The challenge is illustrated in Colorado’s San Juan Mountains. For several years, children and pregnant women in the area have been warned to limit their consumption of fish caught in mountain lakes and reservoirs because of mercury contamination. Circumstantial evidence points toward power plants in nearby New Mexico as sources of this mercury. Analysis of snow that fell within Colorado’s San Juan National Forest at a place called Molas Lake further suggests—but does not yet confirm—origins from two coal-fired power plants in the Four Corners area.

But how much mercury from Asia is ending up in the San Juan, or other mountain ranges of the West, is still not clear. “That’s the $64,000 question,” says Jaffe. “That’s the one everyone wants to know.” Mercury, he says, is a very hard element to measure, and its chemical transformations are not well understood.
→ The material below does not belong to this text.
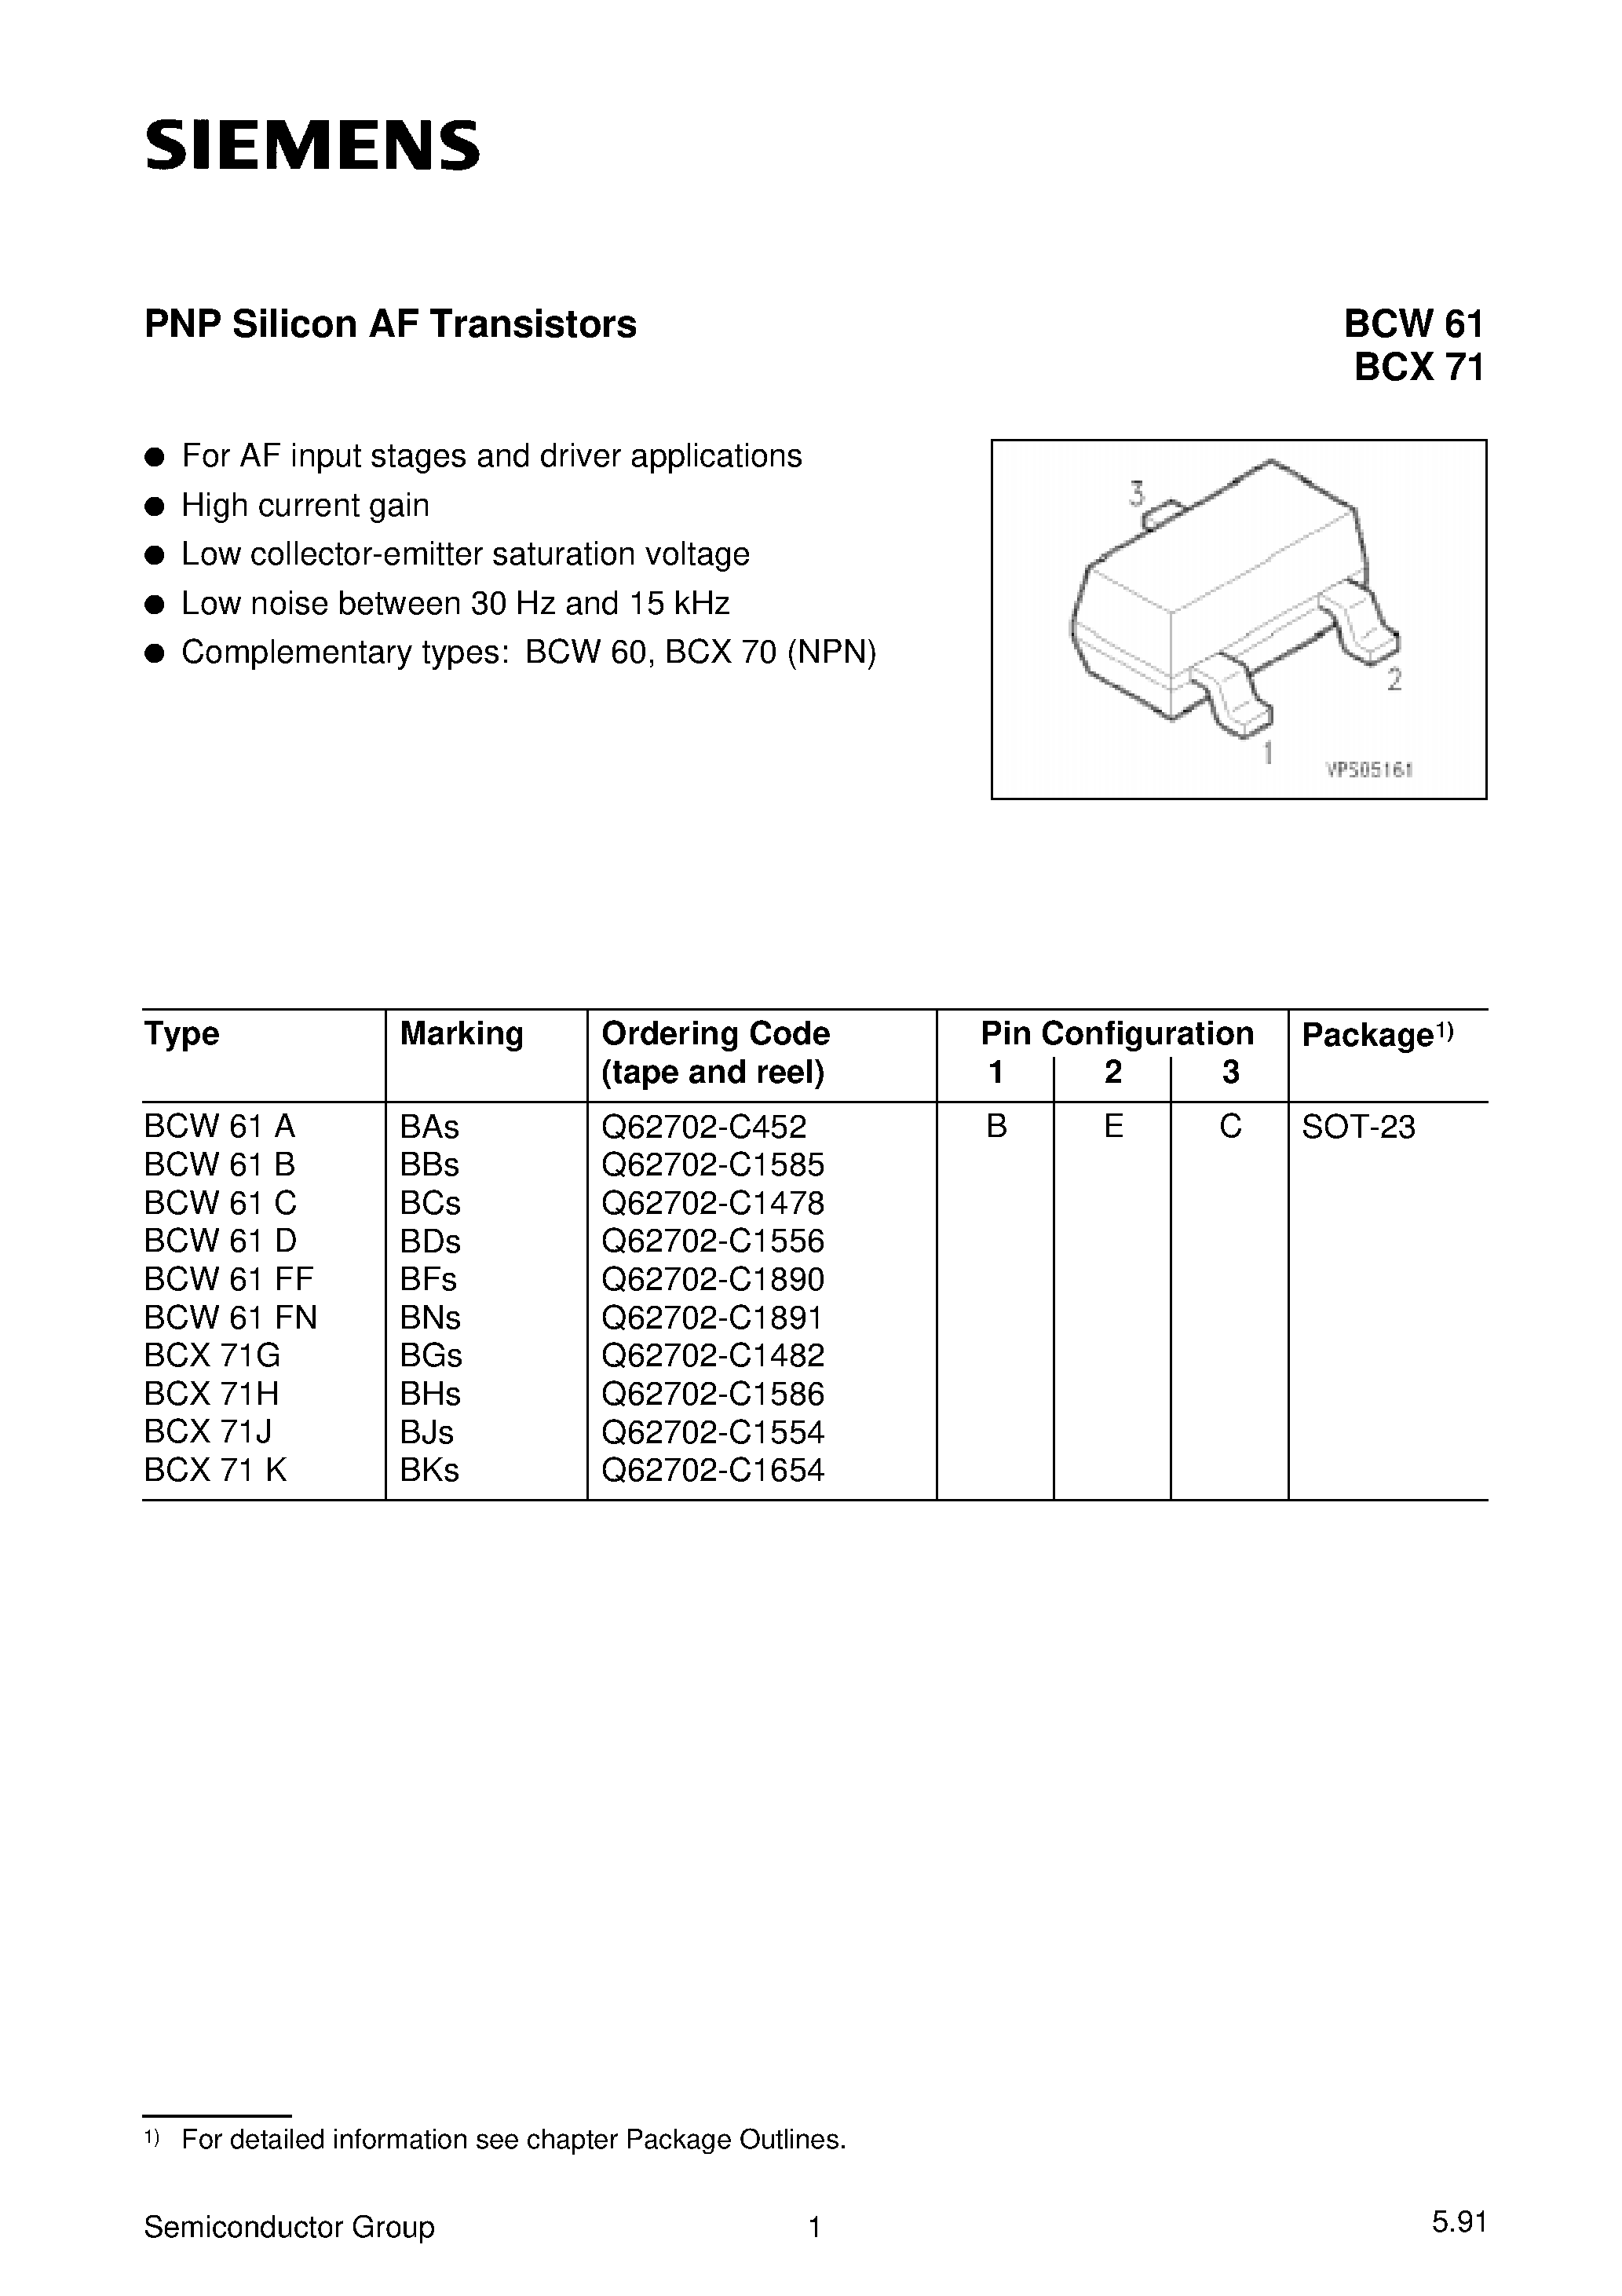 Datasheet BCX71K - PNP Silicon AF Transistors (For AF input stages and driver applications High current gain) page 1

But what is known is that coal in the United States contains much less mercury than Chinese coal. Jaffe says he believes 10 to 30 percent of total deposition of mercury in the United States comes from Asia. Computer modeling of long-range transportation estimates that Asia contributes 27 percent of mercury deposition in Colorado.

So far, there’s a close correlation between China’s economic growth and pollution emissions. Steven Massie, a research scientist at the National Center for Atmospheric Research in Boulder, Colorado, reports that nitrogen dioxide emissions in China—detected by satellites passing overhead—are almost perfectly matched with China’s 10 percent growth in gross domestic product in recent years. The most significant sources of nitrogen dioxide are internal combustion engines and thermal power stations.

Jaffe, in testimony last August before the U.S.-China Economic and Security Review Commission, projected an increase in emissions from China of 50 to 200 percent by the year 2020. The increase, he said, was not inevitable. Advanced pollution control—technologies he believes the United States should assist China in adopting—are available.

“The thing that’s really important,” says Jaffe, “is that if we don’t talk about these things, and discuss them, they will never get talked about by the policymakers, whether they be in California or in Asia.”

If the cost to the United States and its high-elevation forests today is relatively minor, the trends during China’s recent industrial expansion concern scientists. VanCuren notes that California, in particular, has spent a lot of money cleaning up its air during recent decades. But the pollution from China, he says, may soon present an added expense, as steps are taken to reduce ozone, dust and other pollution. With that, the true cost of those plasma TVs will be rung up.